* _EXERCISE INSTRUCTIONS_:
In the listing below, find the line holding "Sony získala více" and the line holding "صفحه خانواده روزنامه نسیم شماره 1357". Write out those two lines and all lines between, exactly, and nothing more.
═══ EXERCISE INPUTS
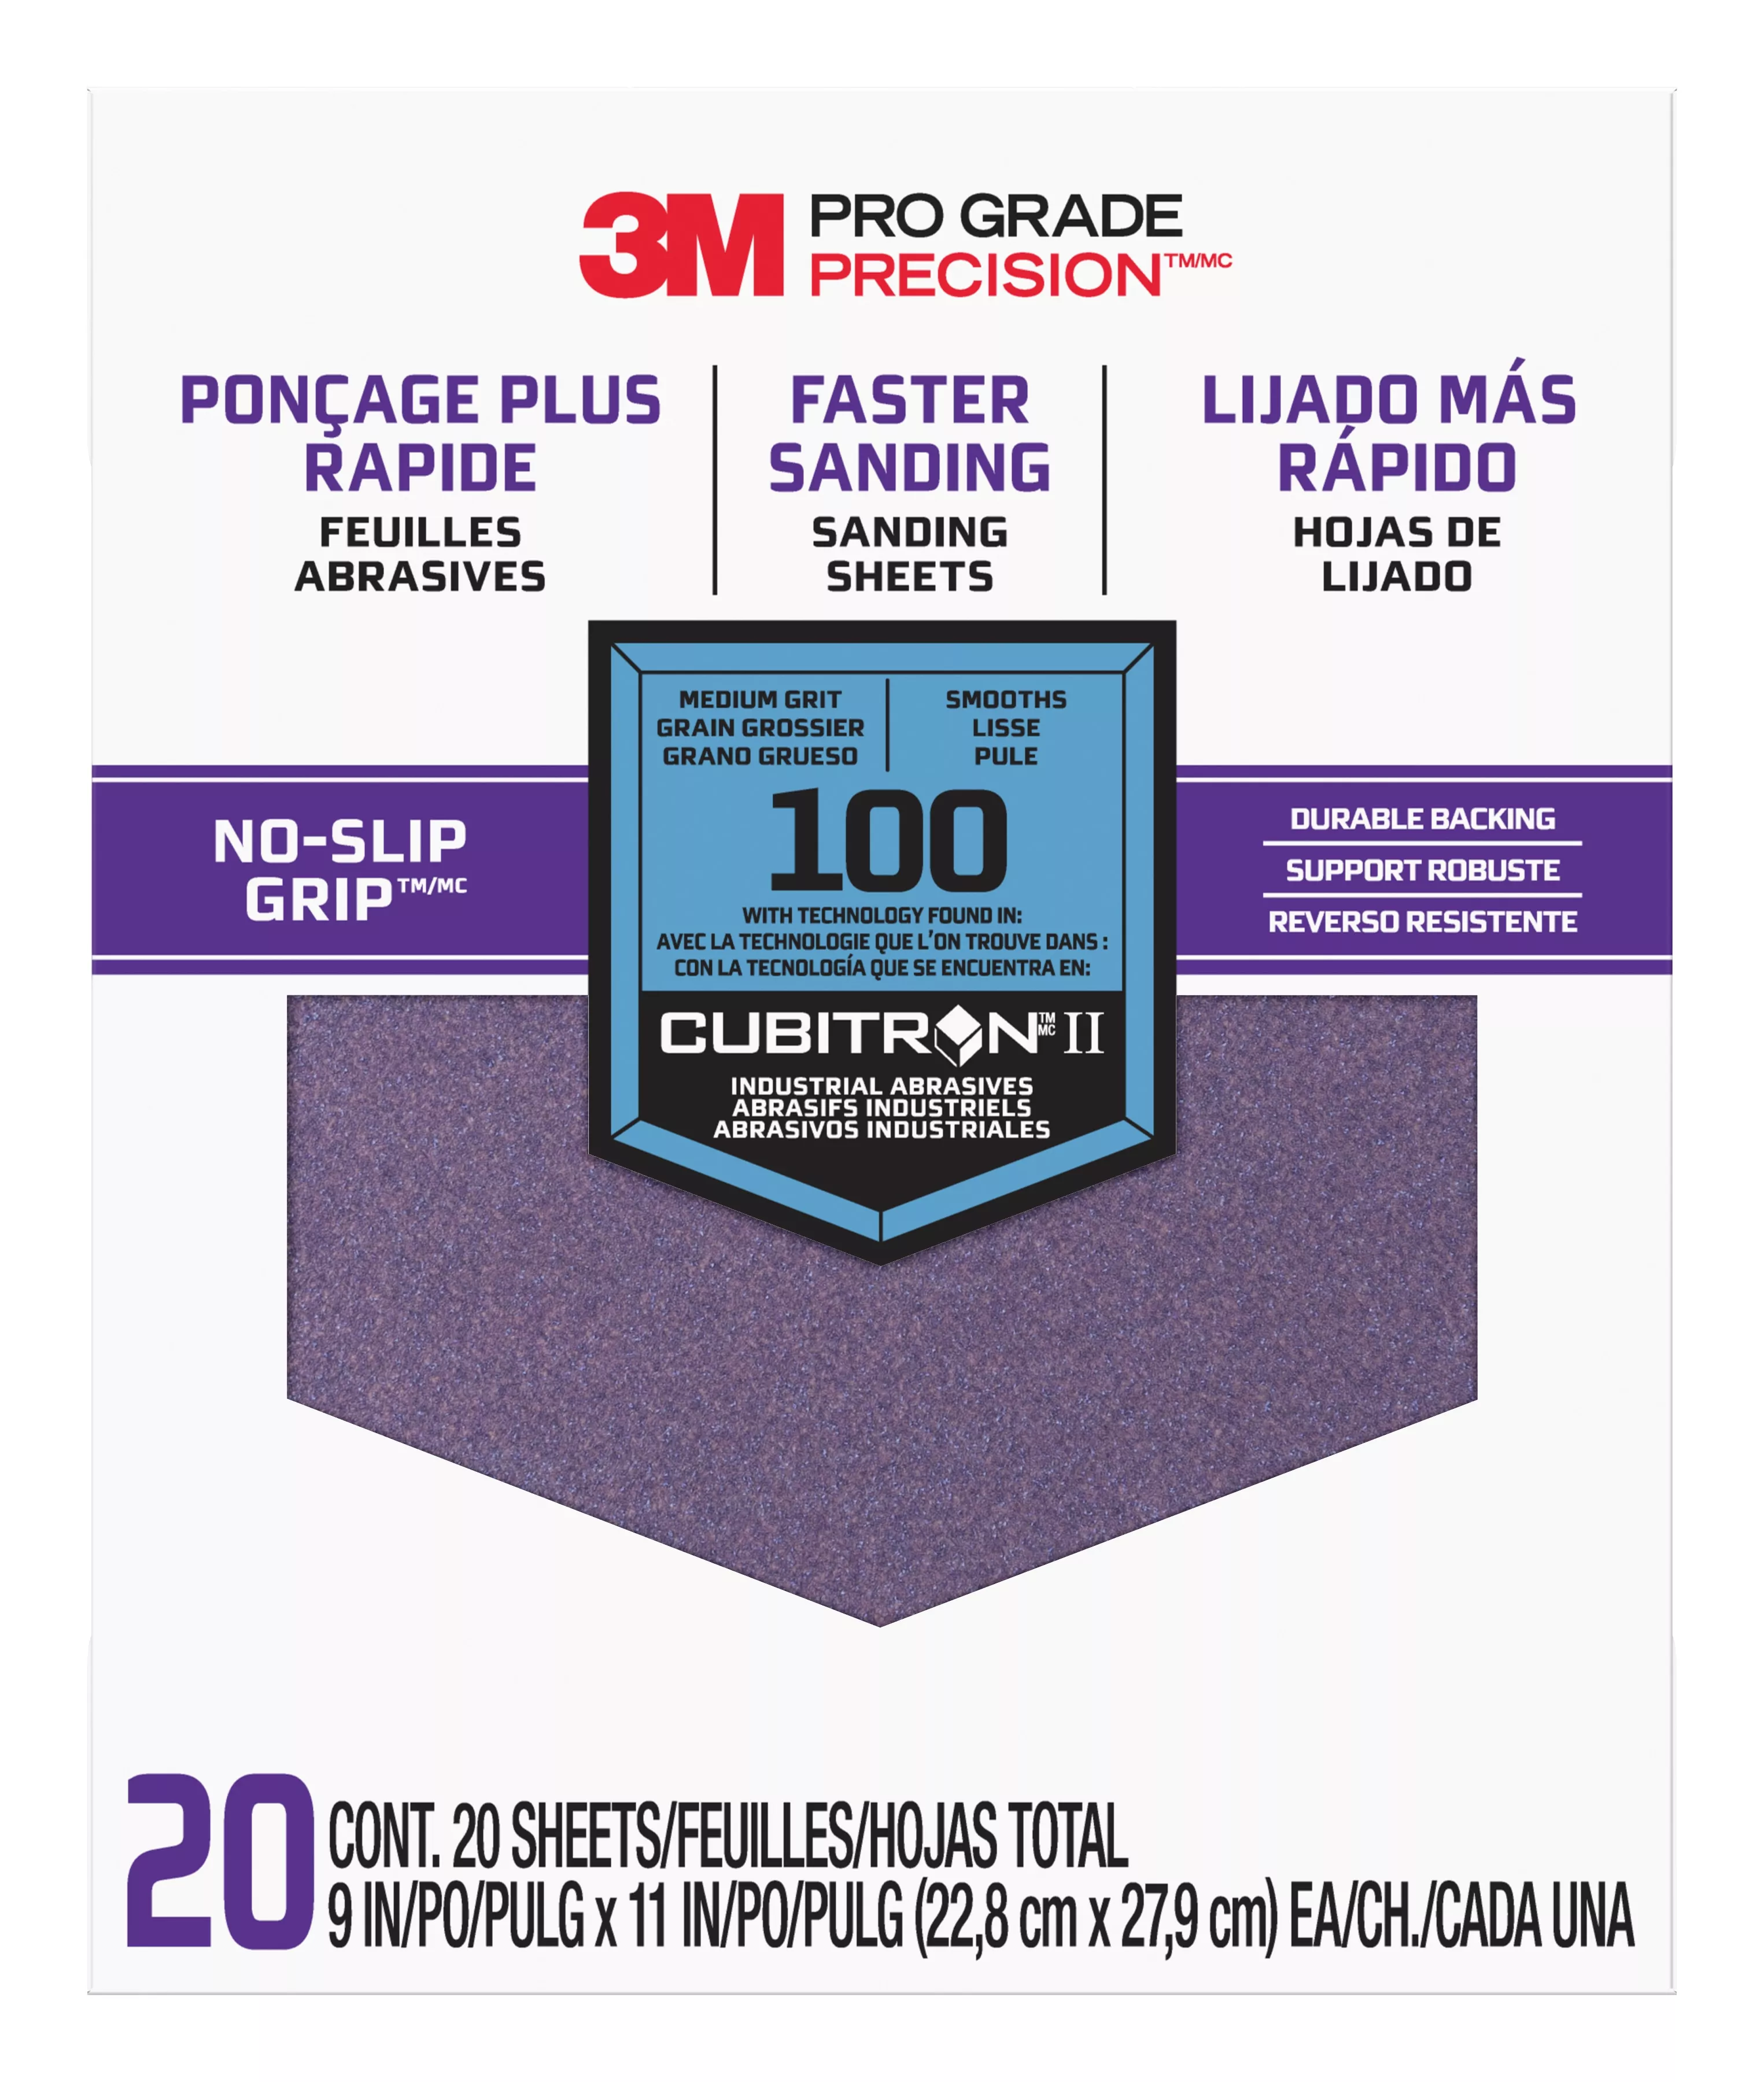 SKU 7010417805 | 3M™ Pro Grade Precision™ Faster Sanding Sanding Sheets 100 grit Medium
══════
═══ EXERCISE INPUTS
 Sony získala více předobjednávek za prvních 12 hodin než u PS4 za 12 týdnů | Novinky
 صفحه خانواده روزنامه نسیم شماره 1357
══════
═══ EXERCISE INPUTS
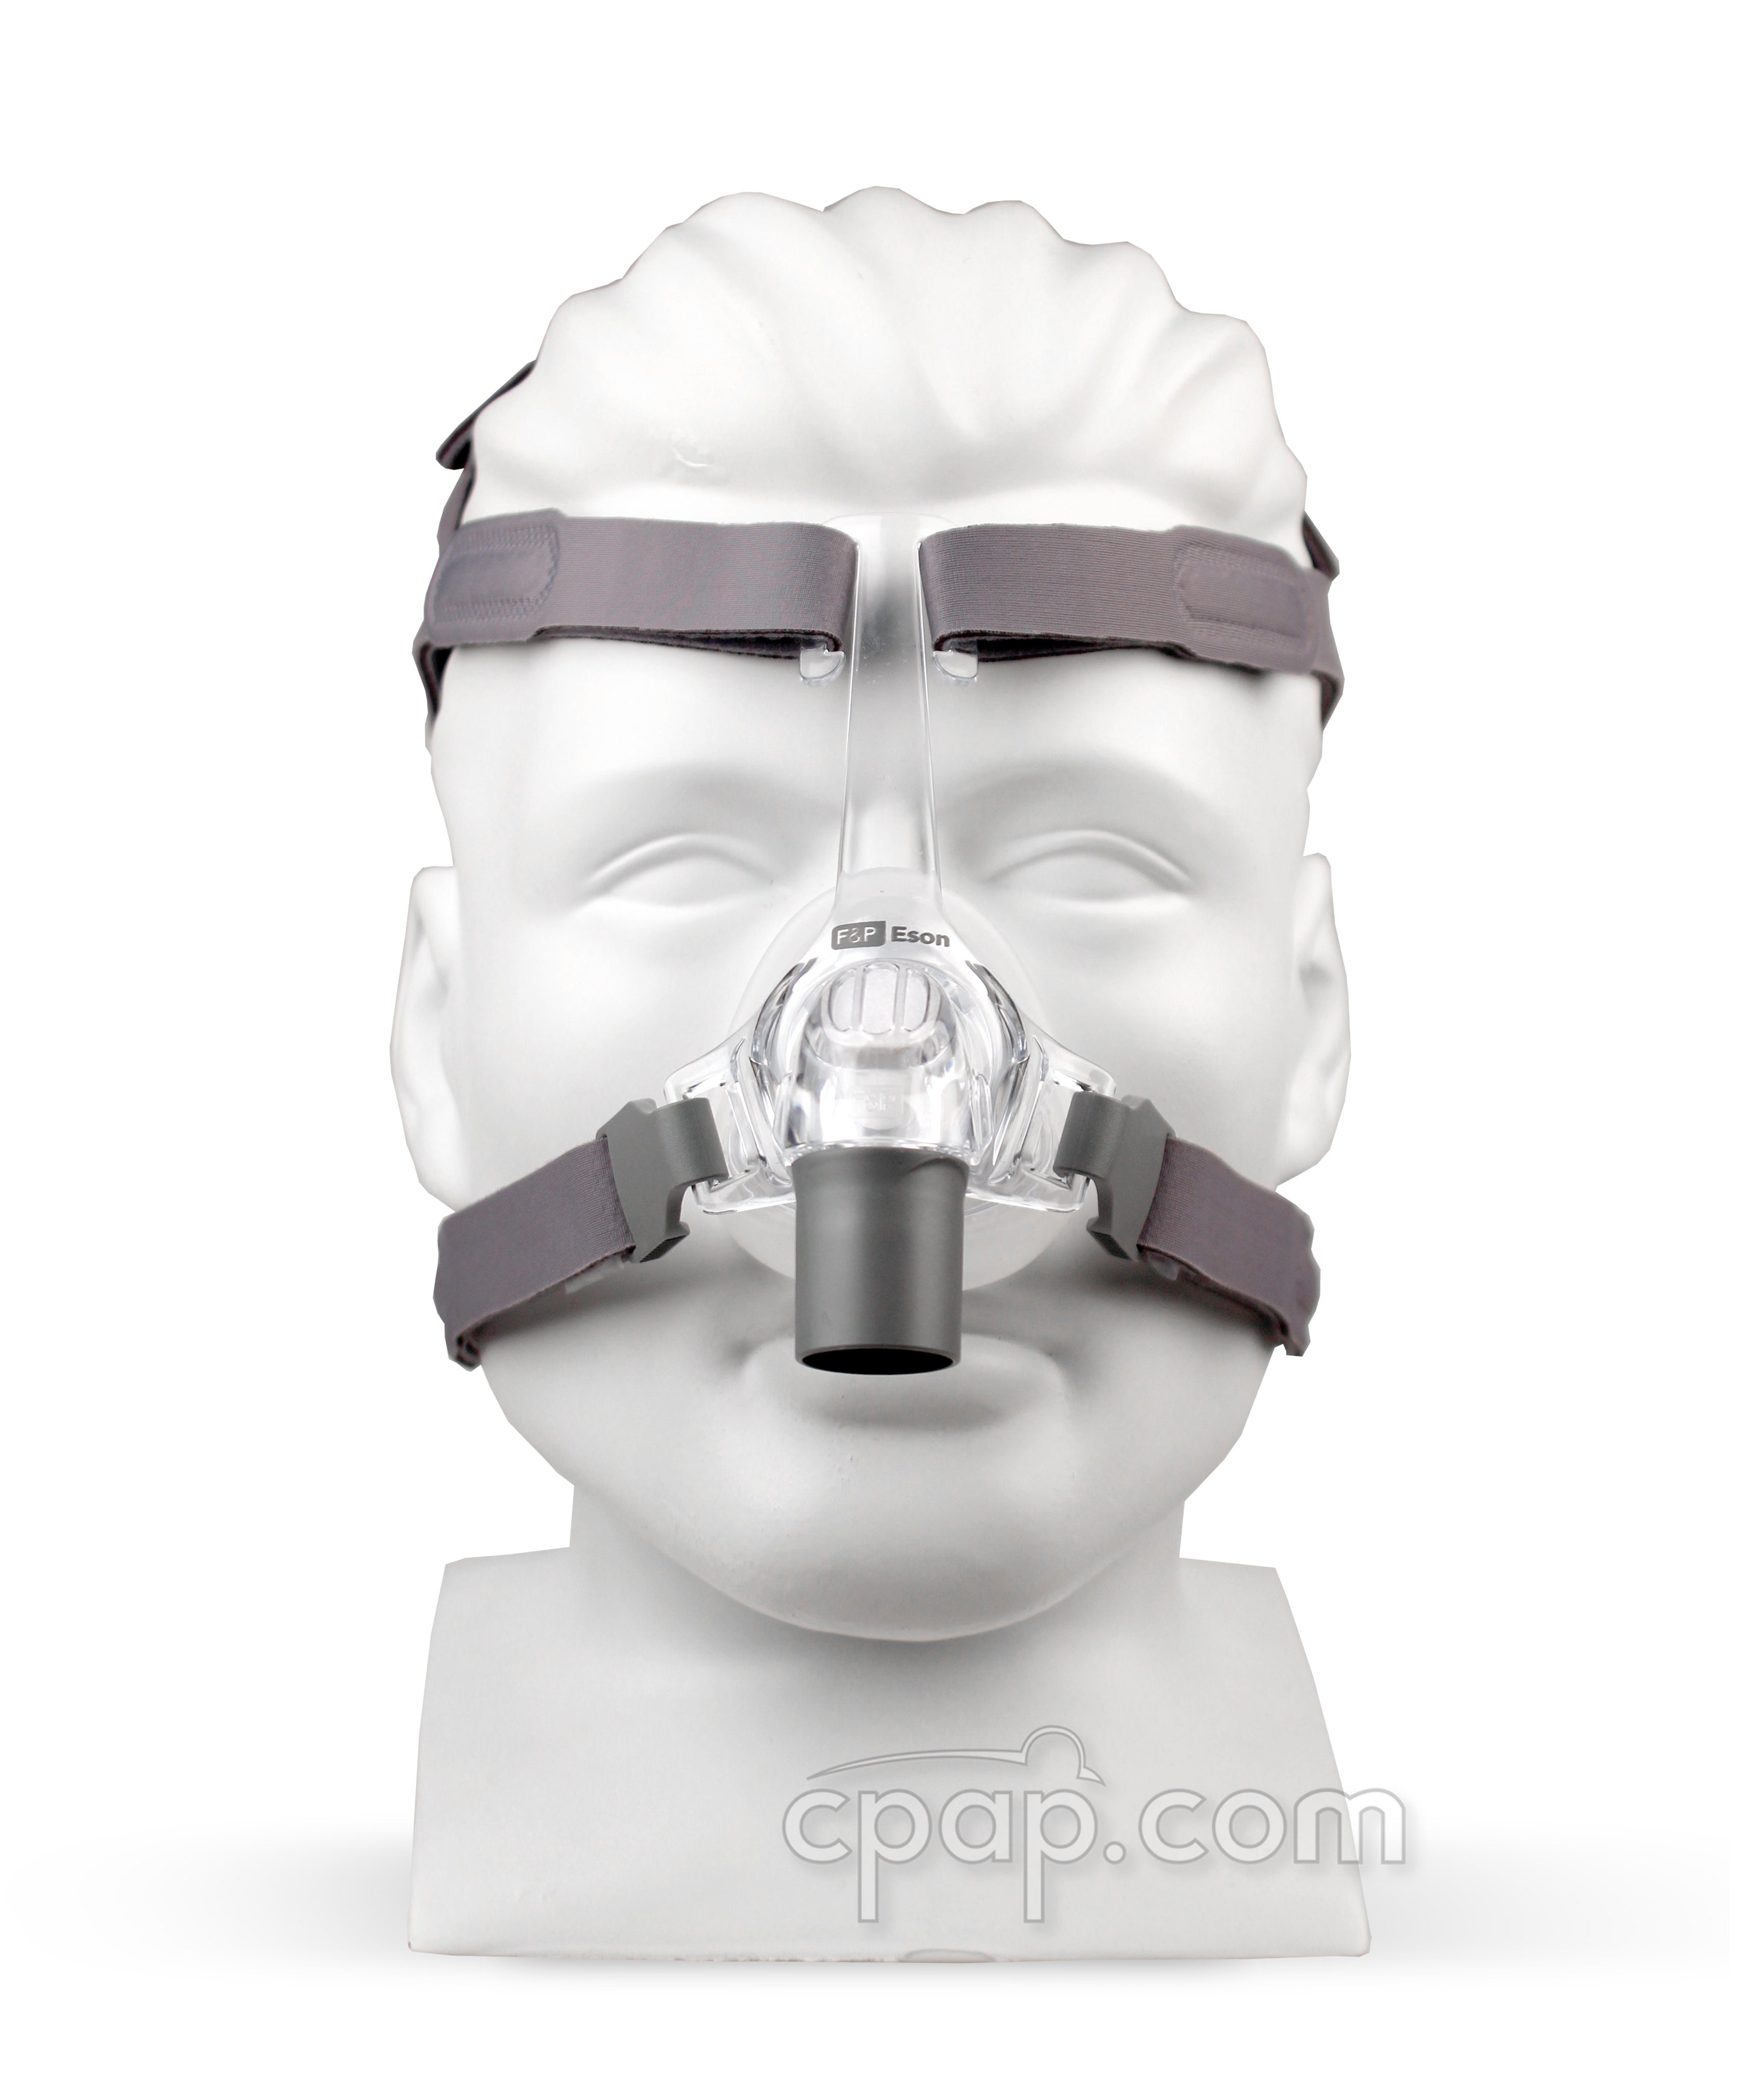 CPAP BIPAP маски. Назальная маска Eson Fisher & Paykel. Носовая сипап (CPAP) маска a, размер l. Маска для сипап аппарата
══════
* _OUTPUT BELOW_:
 Sony získala více předobjednávek za prvních 12 hodin než u PS4 za 12 týdnů | Novinky
 صفحه خانواده روزنامه نسیم شماره 1357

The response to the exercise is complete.